Former Central Intelligence Agency Director Michael Hayden has raised doubts as to whether an Israeli attack on Iran would be successful. He also warned that the consequences of such an attack would only reinforce what Israel has feared all along: Tehran's determination to develop nuclear weapons.
Hayden noted to the Israeli press that a military strike against Tehran would "only set the Iranians back some time and actually push them to do that which it is supposed to prevent -- getting nuclear weapons."
In an interview with Israeli newspaper Haaretz, published on Tuesday, Hayden -- the one-time director of national intelligence, director of the CIA, National Security Agency chief and four-star Air Force general-- noted that Israel lacks the resources that could guarantee a strike that could cripple Iran's nuclear program.
First, Israel does not have the overwhelming certainty about the location of Iran's nuclear facilities. While a number of larger sites, such as the uranium enrichment centers at Natanz and Fordo, are publicly known, others may be hidden from Israel and Western intelligence.
"There is no absolute certainty that all targets are known," said Hayden.
Second, Israel lacks the capability to conduct a long-term bombing campaign, something only the United States could accomplish.

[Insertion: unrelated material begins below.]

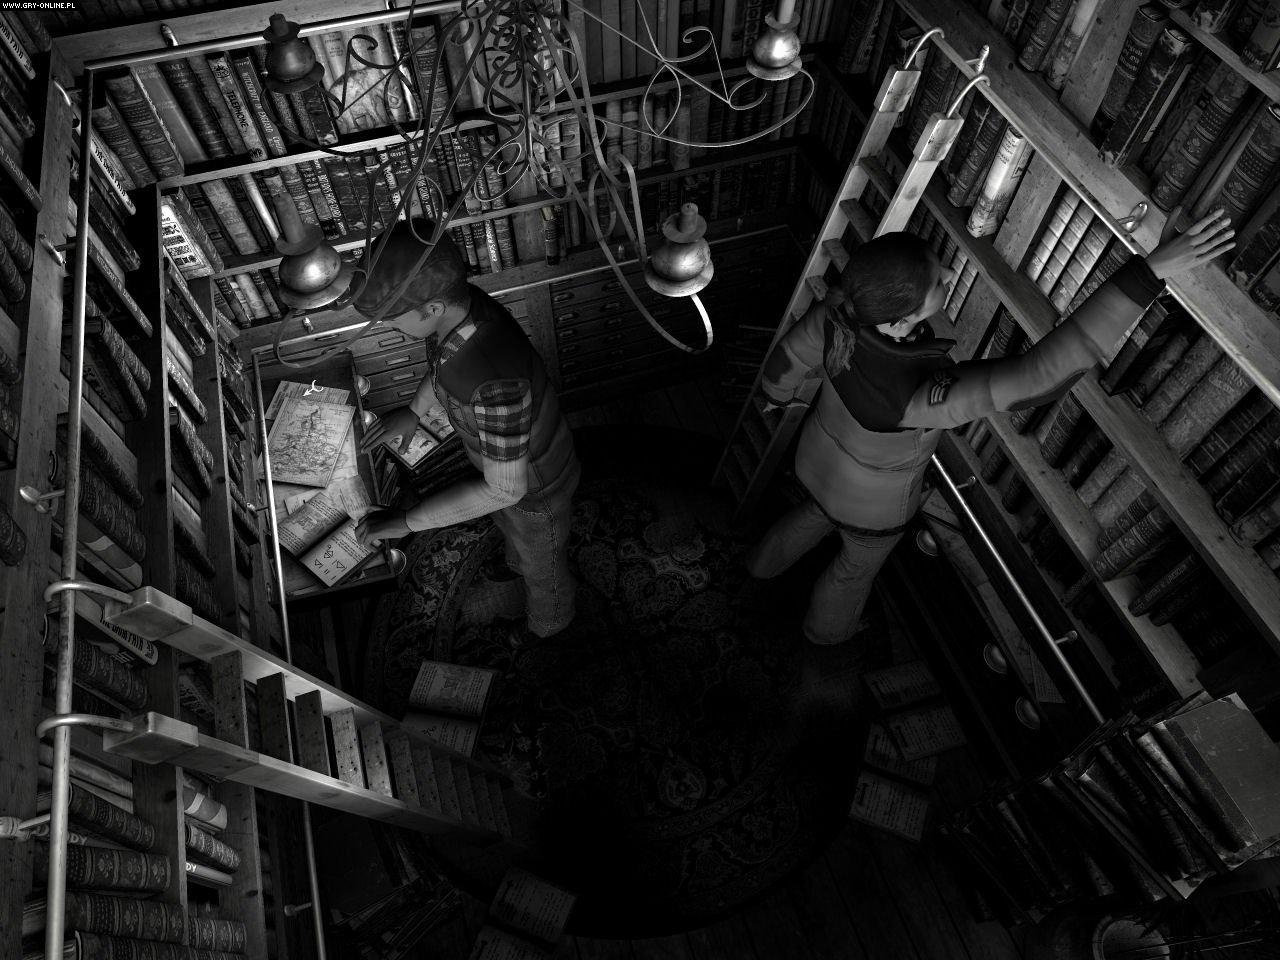 Darkling Room Games
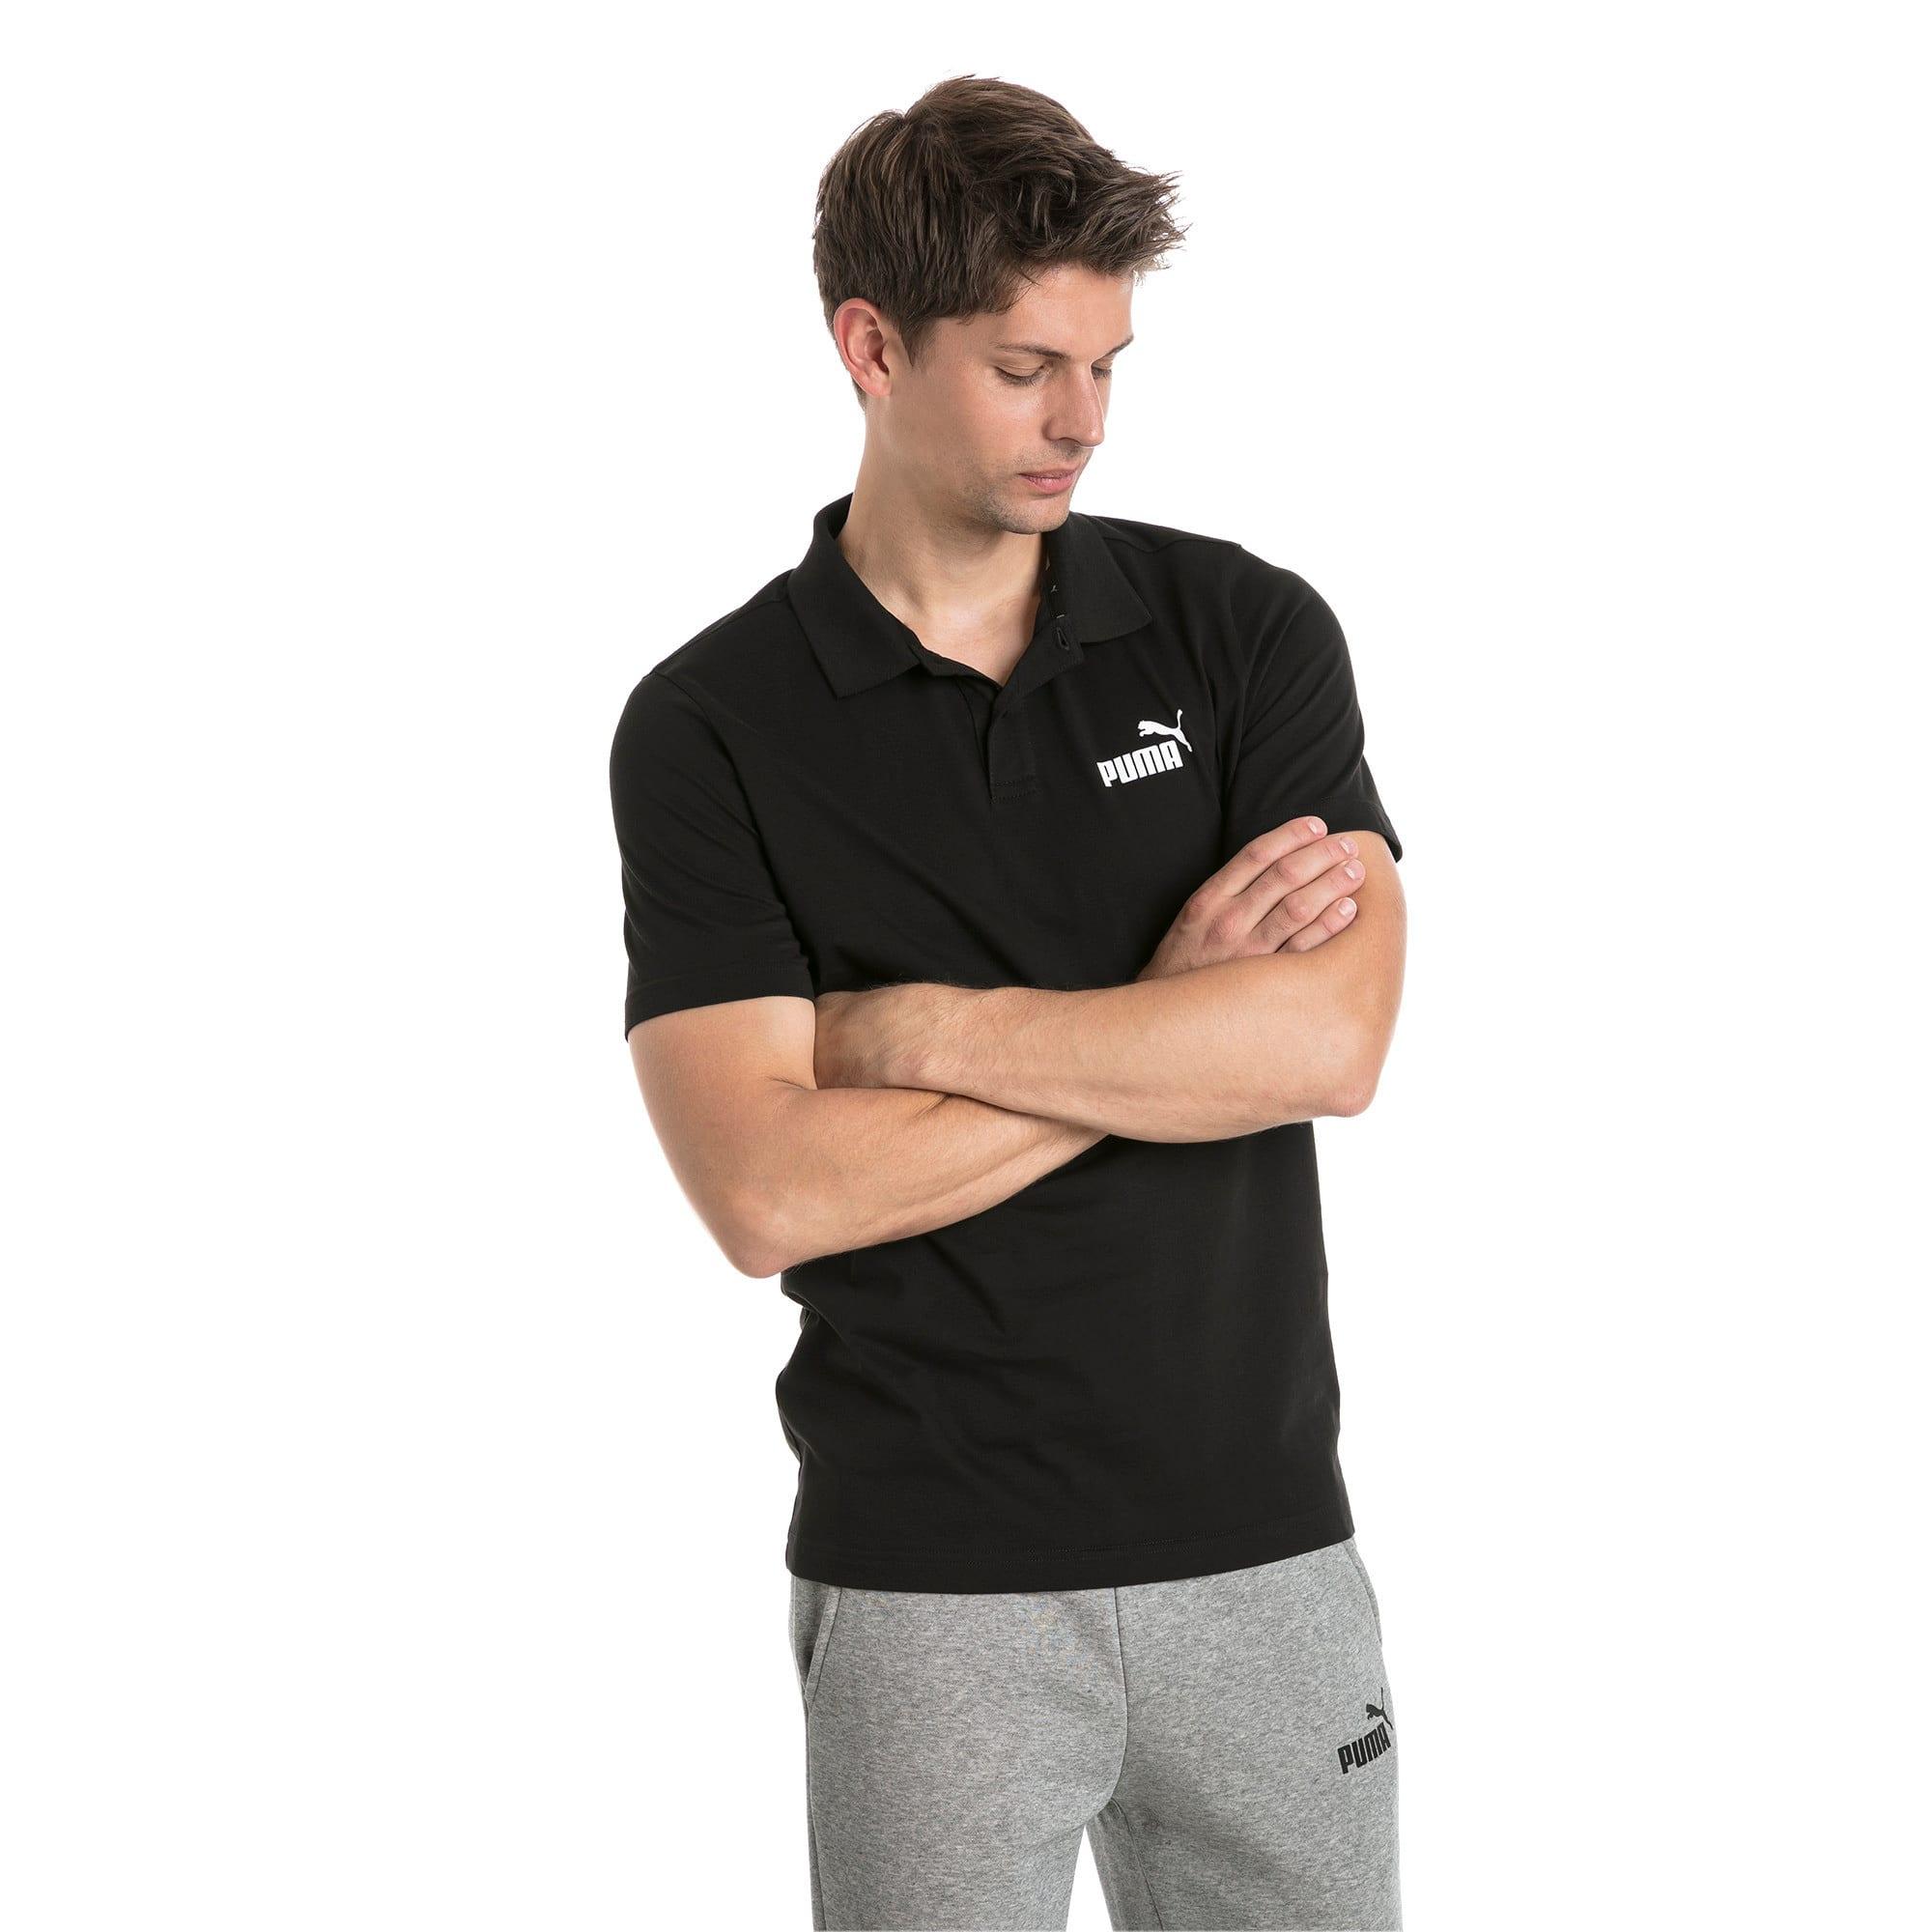 Thumbnail 1 of Polo in jersey Essentials uomo, Cotton Black, medium

"I do not underestimate the Israeli talent, but geometry and physics tell us that Iran's nuclear program would pose a difficult challenge to any military," said Hayden.
Effective attacks on some of Iran's alleged nuclear sites may need larger and more sophisticated weaponry than what Israel currently possesses -- and which the U.S. has only recently developed.
"Israel's resources are more limited than those of the U.S.," he qualified, meaning that sites are unlikely to be destroyed in one single strike, requiring them to be "revisited, which only the U.S. Air Force would be able to do."
That all sounds like advice from the former U.S. intelligence czar for Israel not to go it alone with respect to Iran.
Hayden mentioned that there was still time for Israel to wait on making a military strike, since Iran would only have nuclear-weapons capability (the ability to collect or construct the materials and knowledge to assemble a bomb but not necessarily the ability to actually build them) by 2013 or 2014.
However, he agreed with other U.S. and Israeli assessments that it was "probably true that the so-called 'window' regarding effective action is closing."
But perhaps that "window" is narrowing more slowly than originally proposed by Israeli officials.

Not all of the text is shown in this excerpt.